• _Data section_
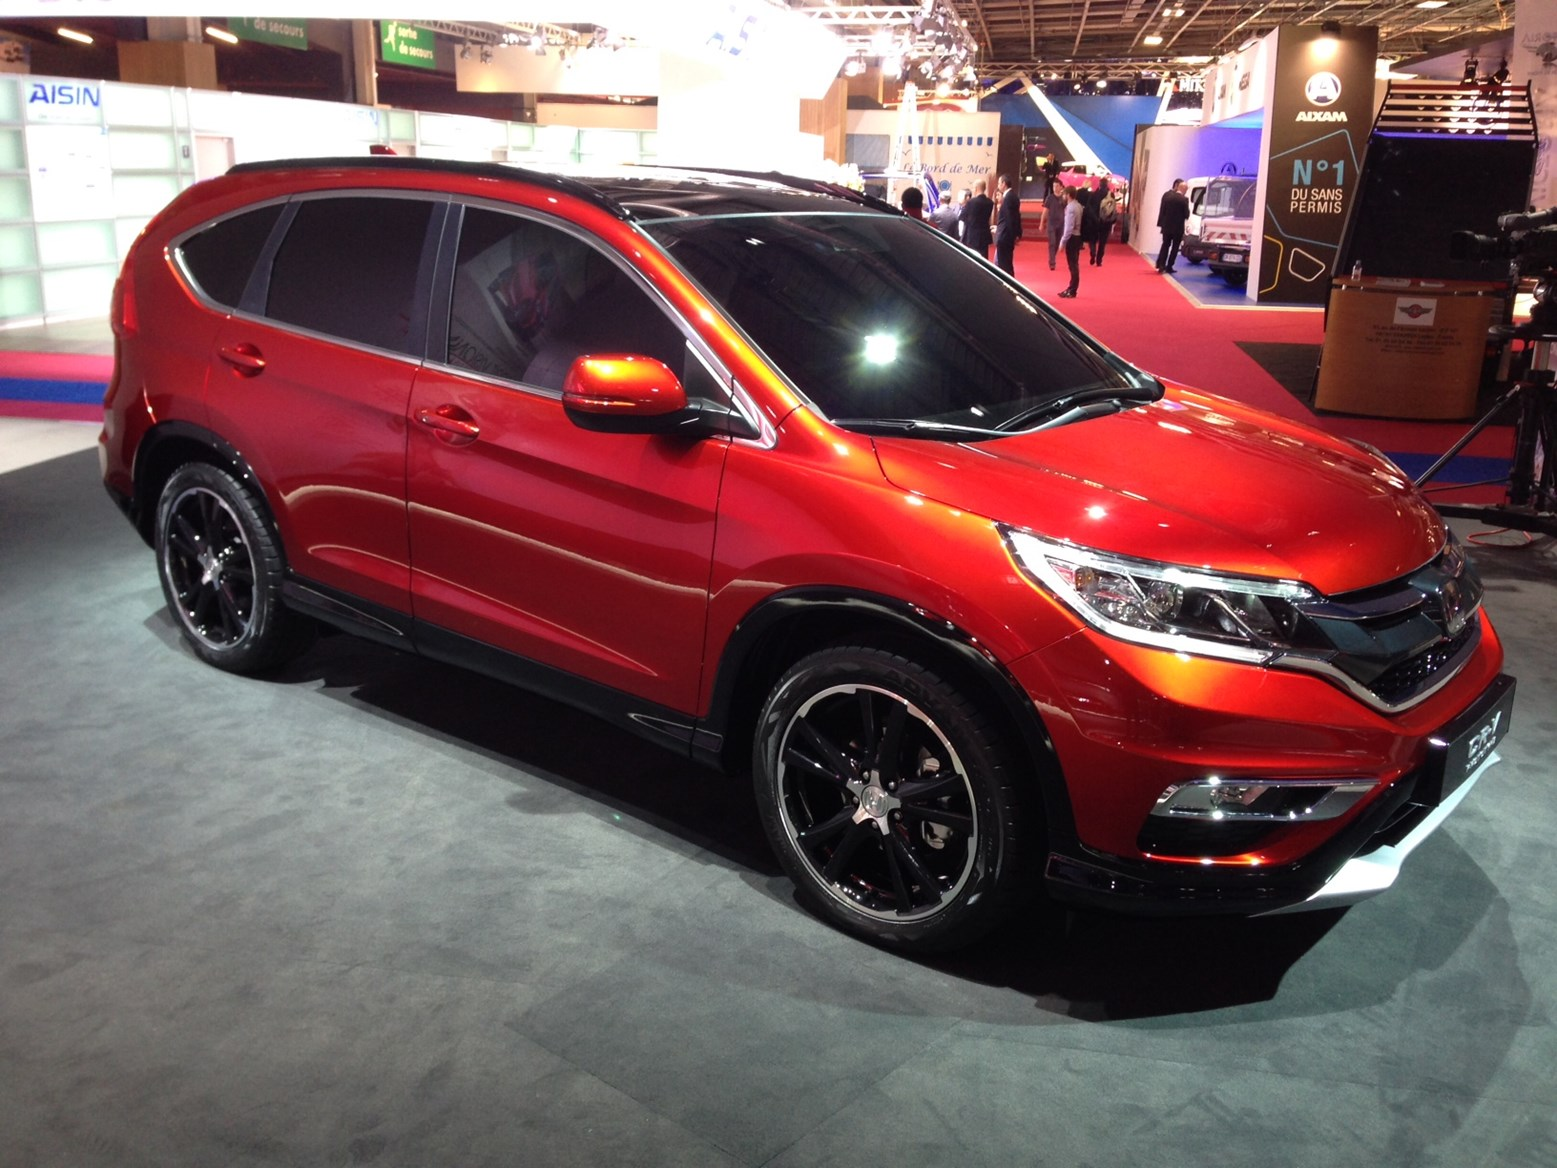 Paris Motor Show 2014: Honda | Parkers
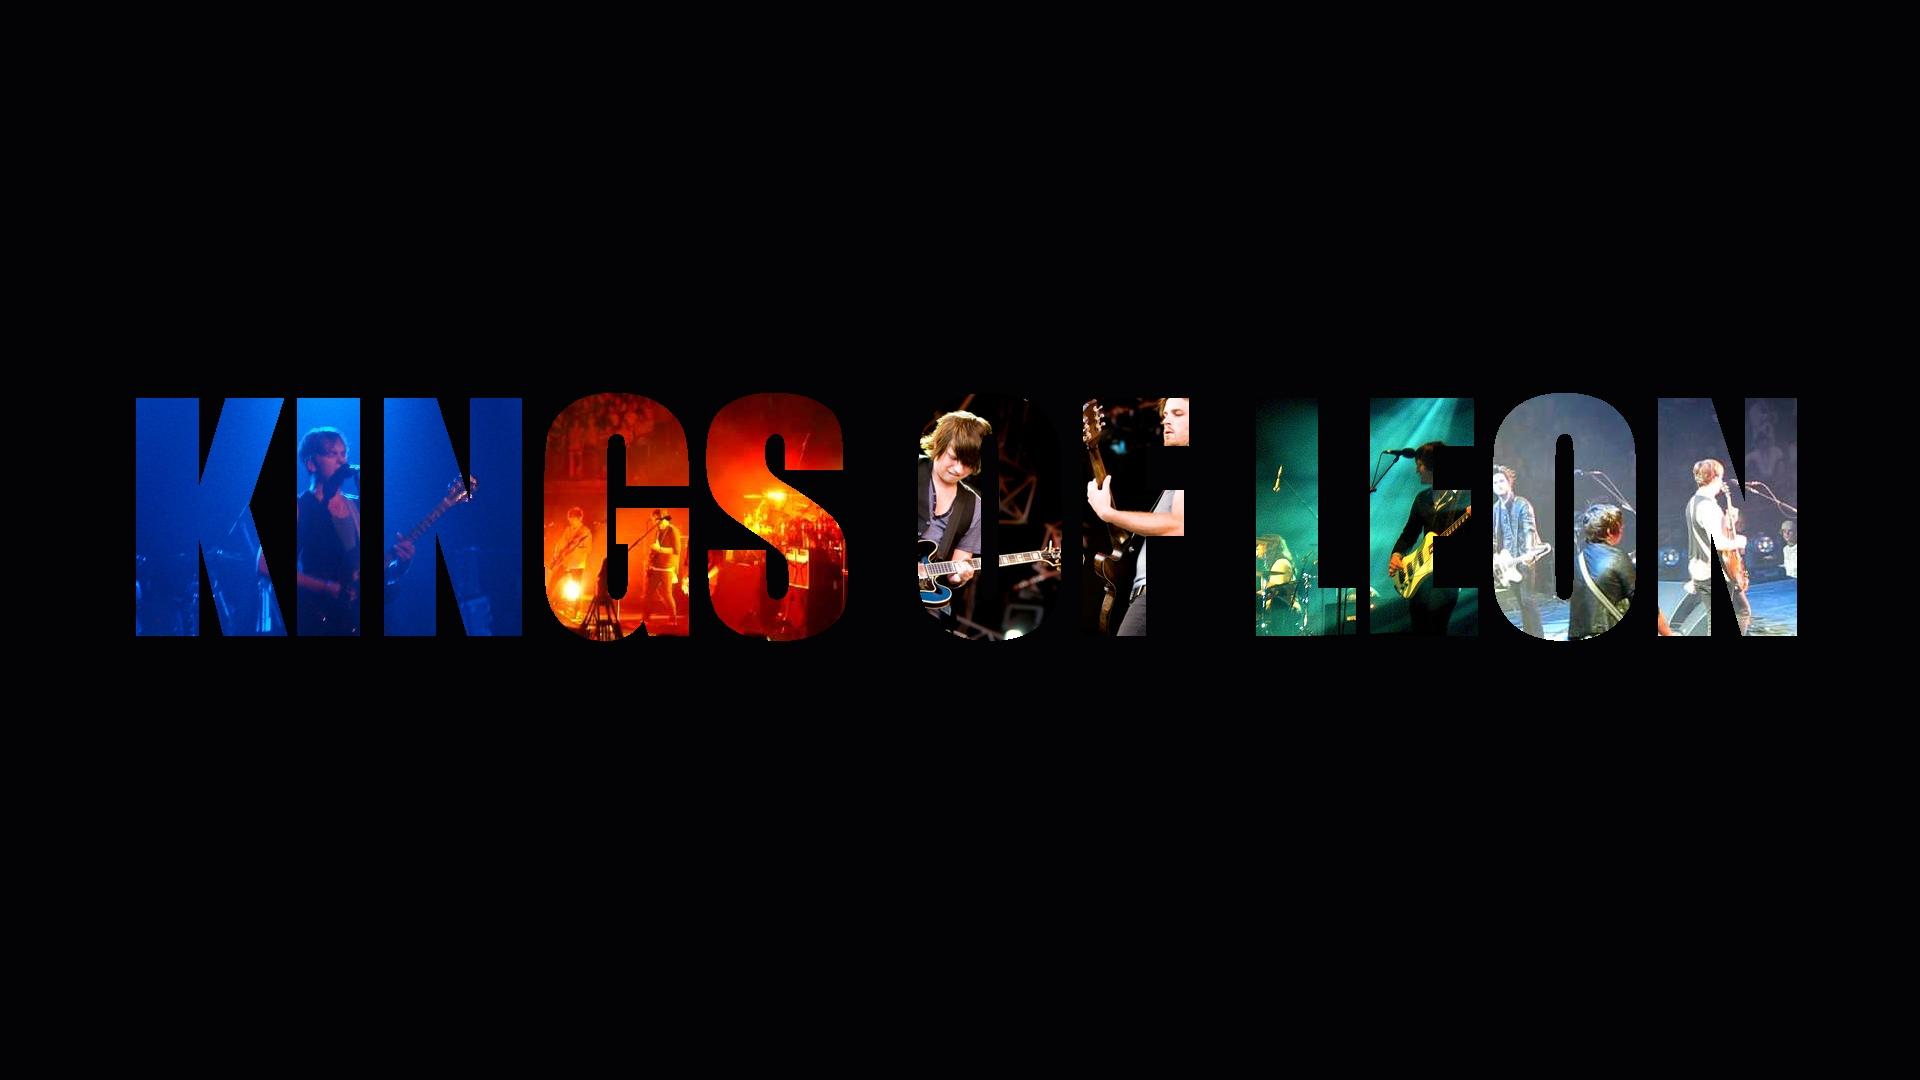 9 HD Kings Of Leon Band Wallpapers - HDWallSource.com
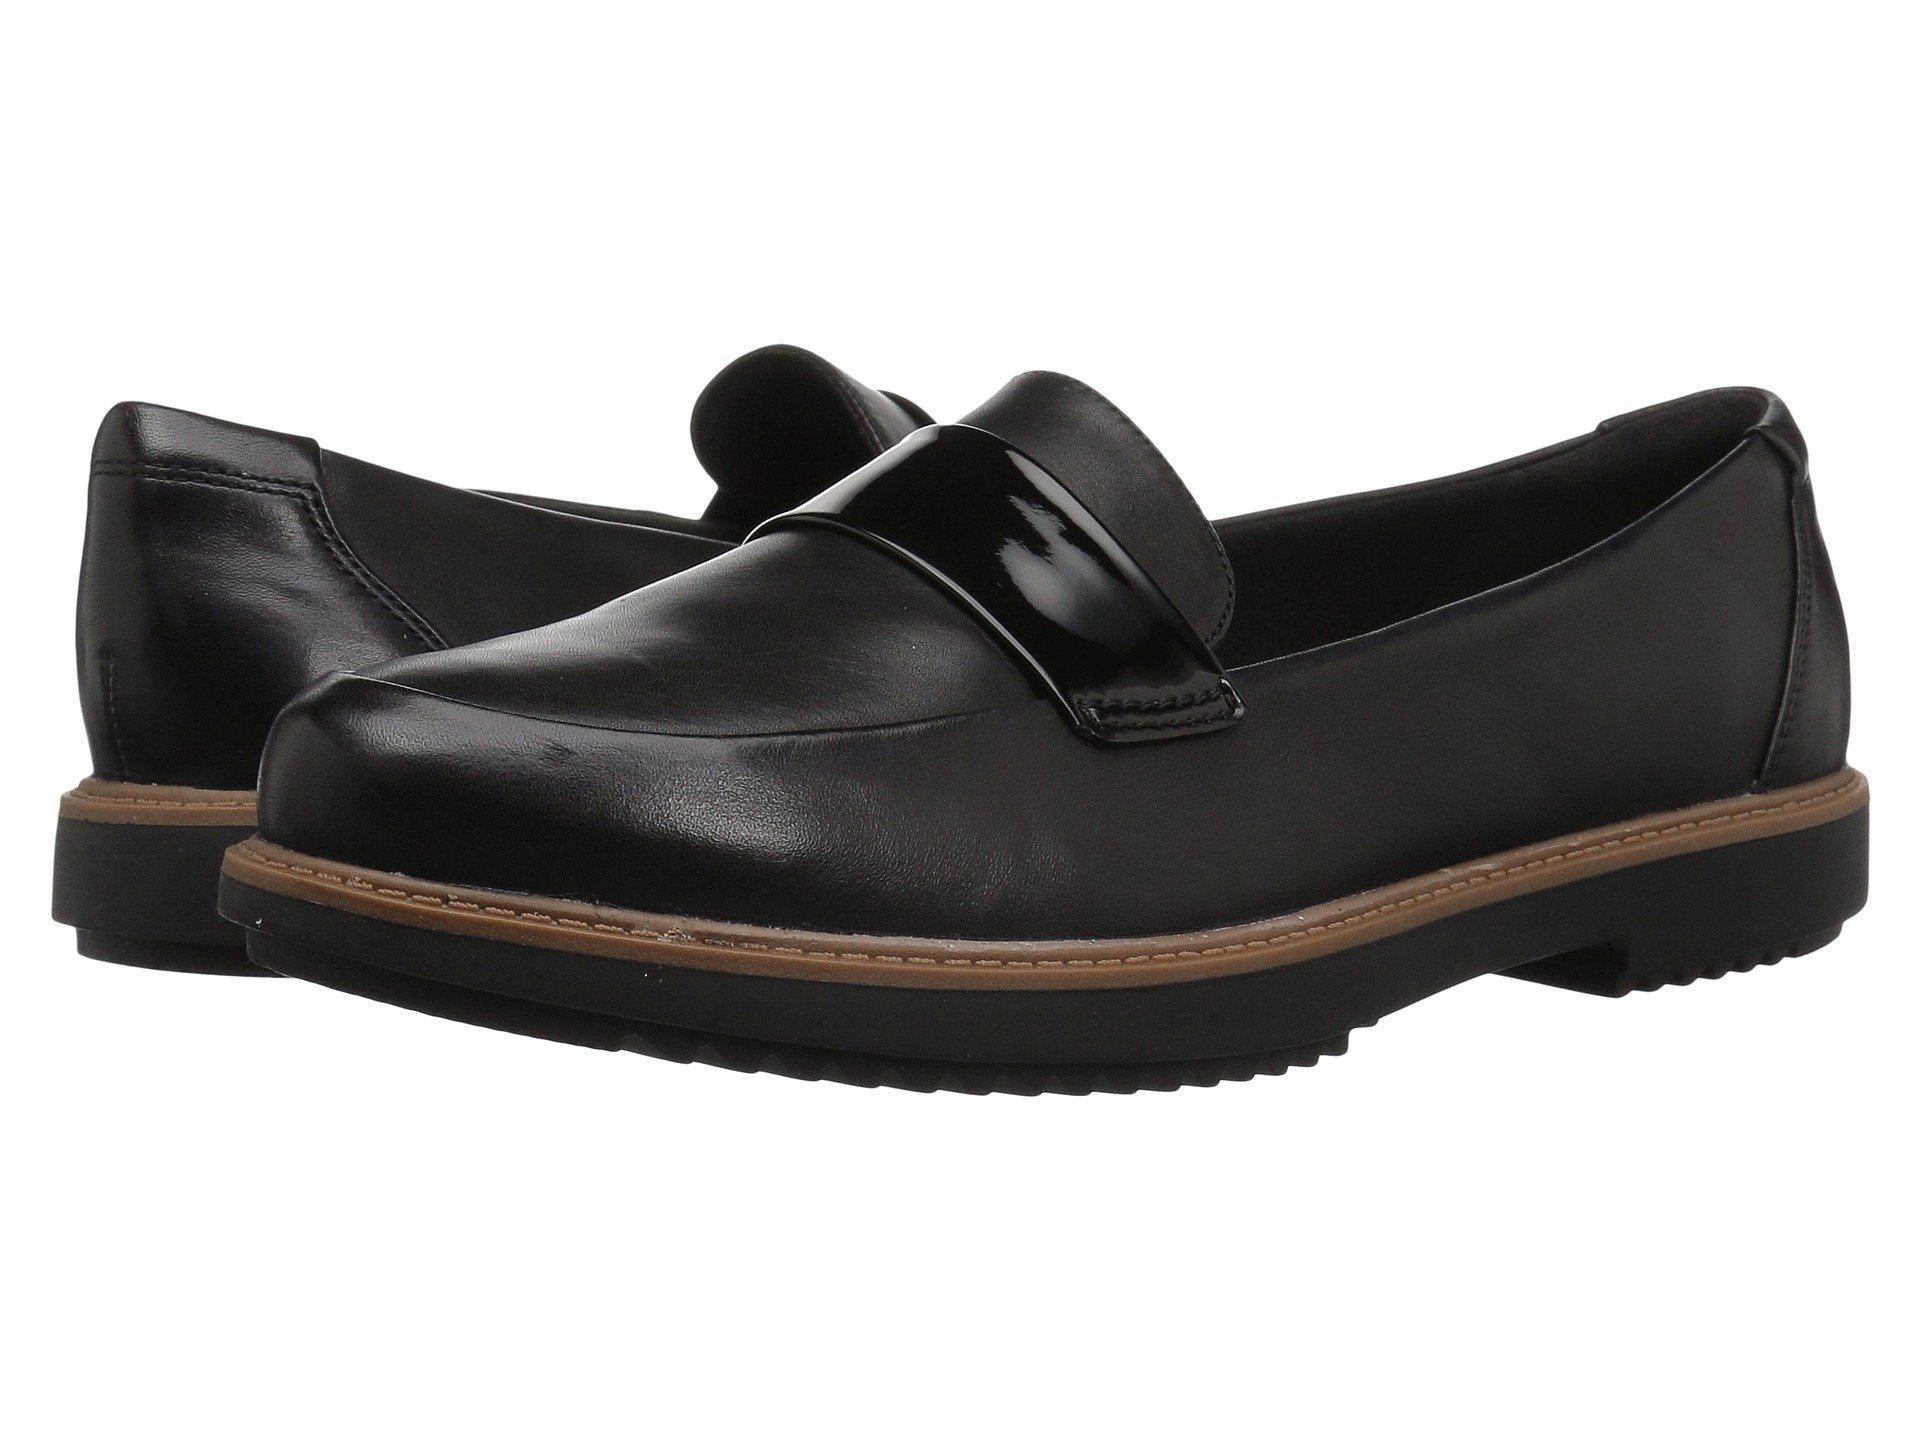 7f293edda10 Clarks - Raisie Arlie (black Leather) Women s Shoes - Lyst. View fullscreen

• _The task_
Please repeat everything in the data above except the pictures, exactly as it reads.

• _Solution to this task_
 Paris Motor Show 2014: Honda | Parkers
 9 HD Kings Of Leon Band Wallpapers - HDWallSource.com
 7f293edda10 Clarks - Raisie Arlie (black Leather) Women s Shoes - Lyst. View fullscreen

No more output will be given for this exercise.